In particolare, è questa una voce insistente, ai poliziotti sarebbero state chieste spiegazioni sul modo in cui furono condotte sin dal primo momento le indagini e su come si arrivò al circolo «22 marzo». Il dottor Cudillo sembra abbia chiesto anche gli atti relativi alle indagini per gli attentati dinamitardi sui treni della scorsa estate e per l’ordigno esploso a palazzo di Giustizia a Roma. Come si ricorderà i poliziotti subito dopo gli attentati fecero intendere che gli autori della strage di Milano potevano essere gli stessi che avevano messo bombe sui convogli ferroviari. La ipotesi era stata ribadita dai funzionari dell’ufficio politico di Milano i quali avevano subito affermato che con molta probabilità tra gli autori di quegli attentati vi erano anche Valpreda e Pinelli.

Gli accertamenti tecnici su gli ordigni di Milano e Roma hanno portato invece alla conclusione che queste bombe sono completamente diverse da quelle fatte scoppiare in estate.
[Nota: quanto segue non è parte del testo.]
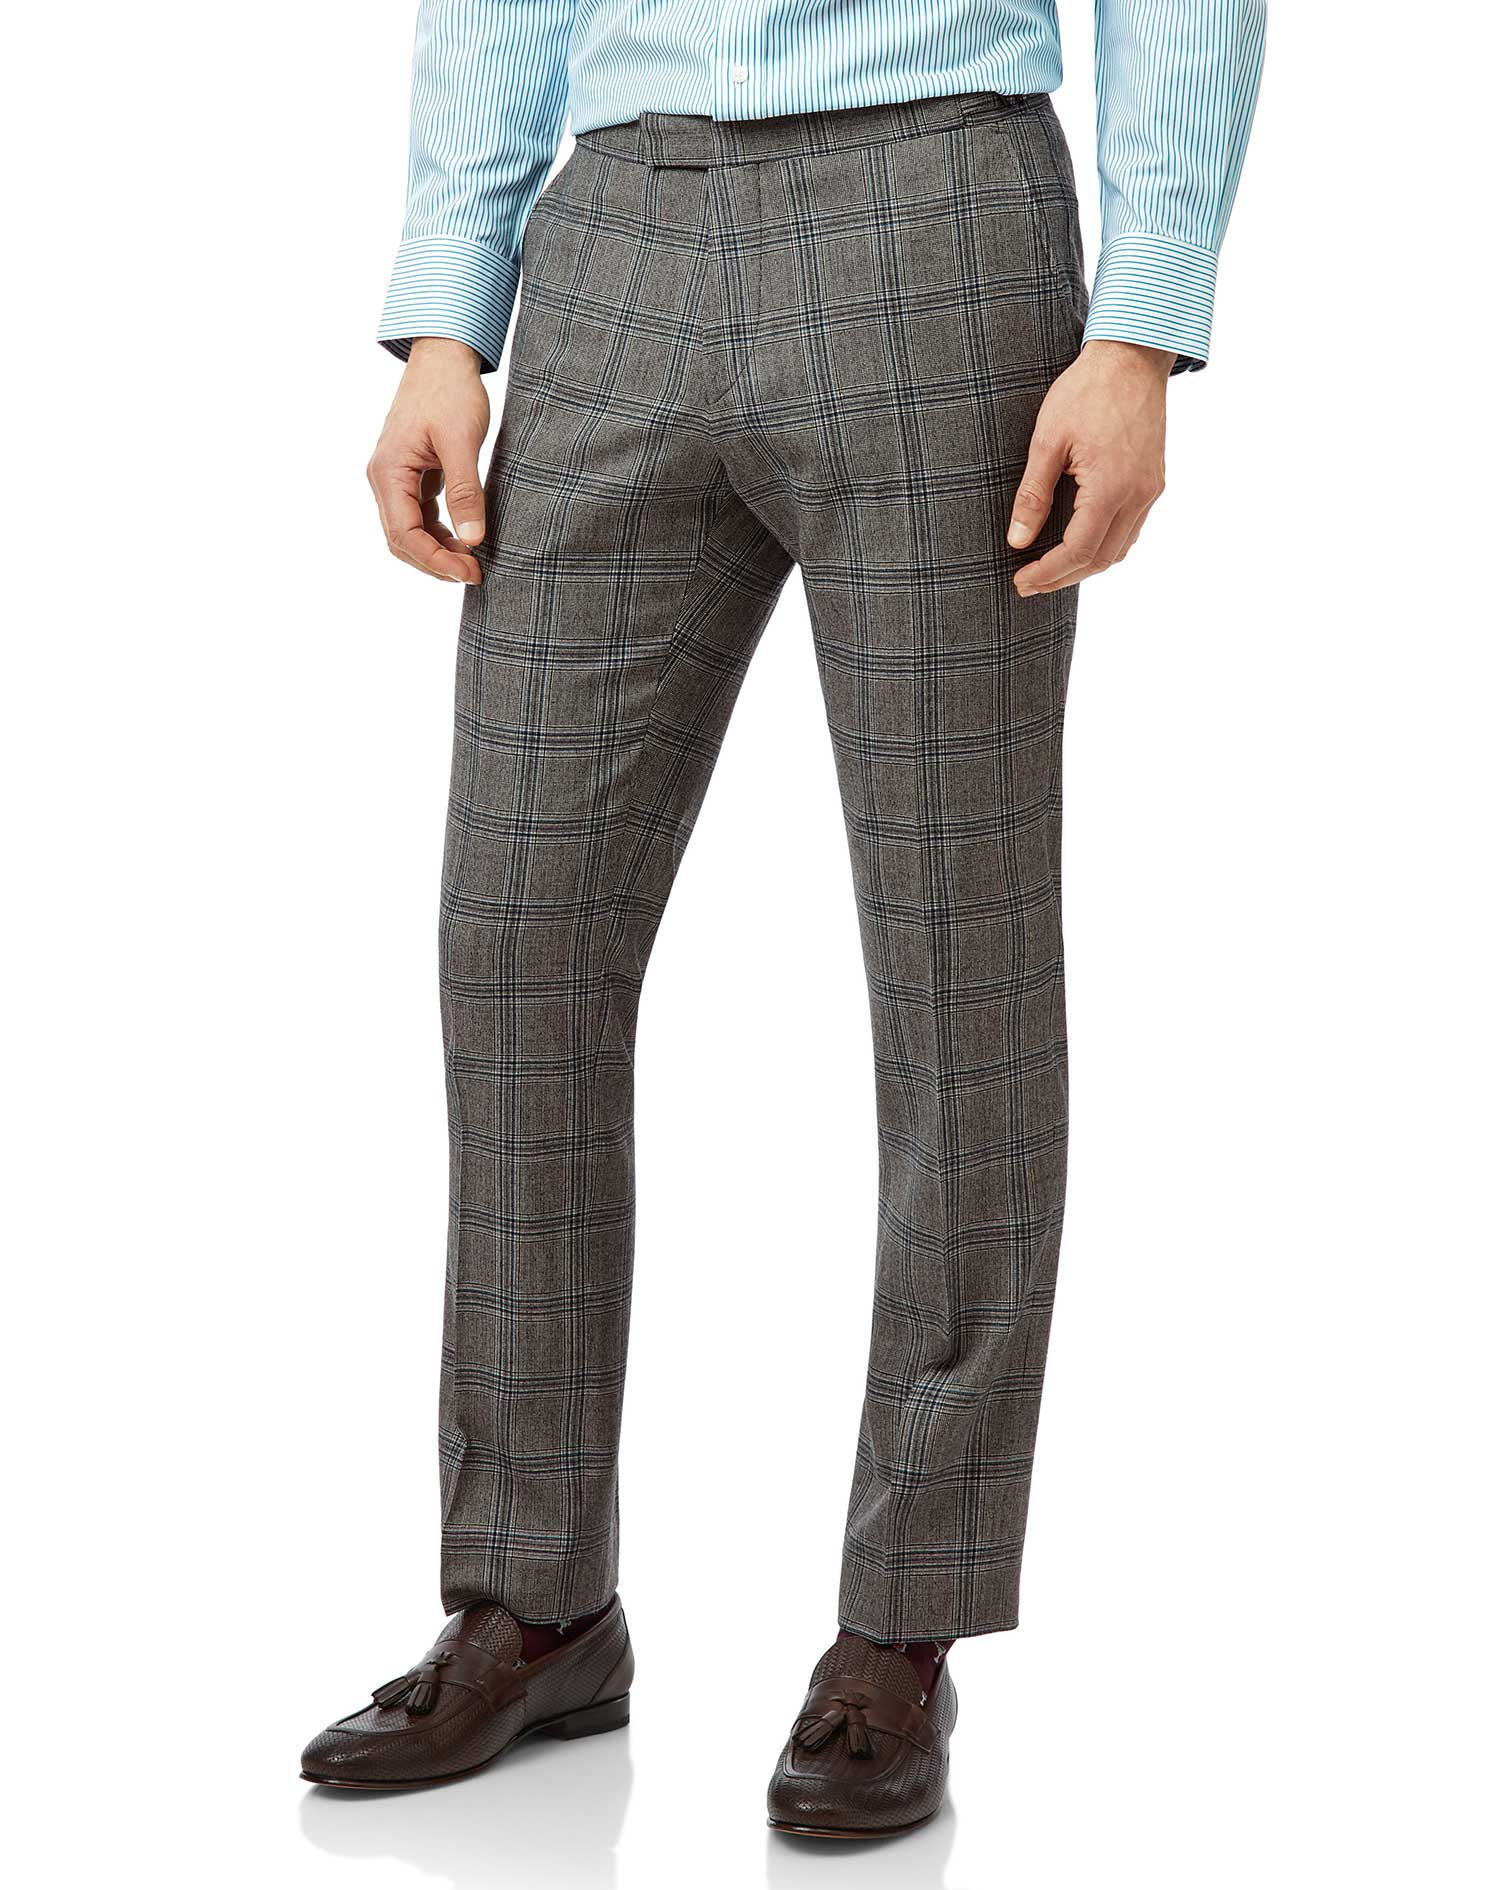 Wool Grey Prince Of Wales Slim Fit British Luxury Suit Trousers

Quasi certamente il dottor Cudillo ha chiesto ai funzionari delucidazioni su alcune delle deposizioni rese dagli arrestati subito dopo il loro fermo da parte della polizia. Si dice a palazzo di Giustizia che durante gli interrogatori i più giovani si siano accusati a vicenda ma solo per quanto riguarda «l’intenzione di compiere attentati dimostrativi» mentre avrebbero escluso ogni responsabilità per le bombe di Roma e Milano. Il magistrato si dice ancora ha voluto sapere come furono condotti gli interrogatori in questura e come si giunse a queste reciproche accuse. Ieri dunque è stata una giornata di attesa, una giornata in cui sembra non si è neppure iniziato a sciogliere i tanti nodi che avviluppano questa inchiesta. Tutti gli interrogativi sono rimasti in piedi e ogni giorno che passa si fanno più inquietanti.

Sono gli stessi interrogativi che l’altro ieri e ieri riproponeva l’Avanti! in una attenta analisi delle figure degli arrestati e degli elementi che li accusano e dei loro alibi. In particolare scrive l’Avanti! su Valpreda (riportando anche una frase del Corriere della sera) «Vi sarebbe un testimone pronto ad affermare che Pietro Valpreda il giorno prima degli attentati era ancora a Roma a tarda sera». Sarebbe dunque partito per Milano la mattina della strage e ammesso che abbia avuto il tempo per essere alle 16,30 a Milano come avrebbe fatto a preparare l’ordigno? C’è qualcuno, ammesso che sia lui l’attentatore, che l’ha confezionata e poi l’ha passata a Valpreda?

I poliziotti dicono può essere stato Pinelli. Ma a prescindere dall’alibi che il ferroviere anarchico aveva, un nuovo elemento si è aggiunto ieri che sembra scagionarlo: Pinelli riteneva che Valpreda fosse un informatore della polizia. Lo ha rivelato la moglie dell’anarchico in una intervista pubblicata ieri dal Giorno. Lo stesso quotidiano ha fatto ieri una ricostruzione degli avvenimenti e delle figure degli arrestati giungendo alla conclusione che «per un affare di questa portata occorrono capi, uomini e mezzi». La piega presa dall’inchiesta pur non escludendo l’intervento di terzi in un ruolo di provocazione lascia per ora credere  che l’autorità interpreti in modo diverso gli avvenimenti che hanno impietrito il paese». E più oltre: «Un complotto dunque con due componenti il fanatismo e la rabbia. Ma c’è la prova di tutto questo?»

L’Avanti! di ieri implicitamente risponde a questa domanda: «Non vorremmo assolutamente che questo procedimento giudiziario si concludesse con un processo indiziario, in un clima di caccia alle streghe, con il paese diviso in innocentisti e colpevolisti»

E non si può non essere d’accordo: l’opinione pubblica vuole giustizia, giustizia piena e senza ombre.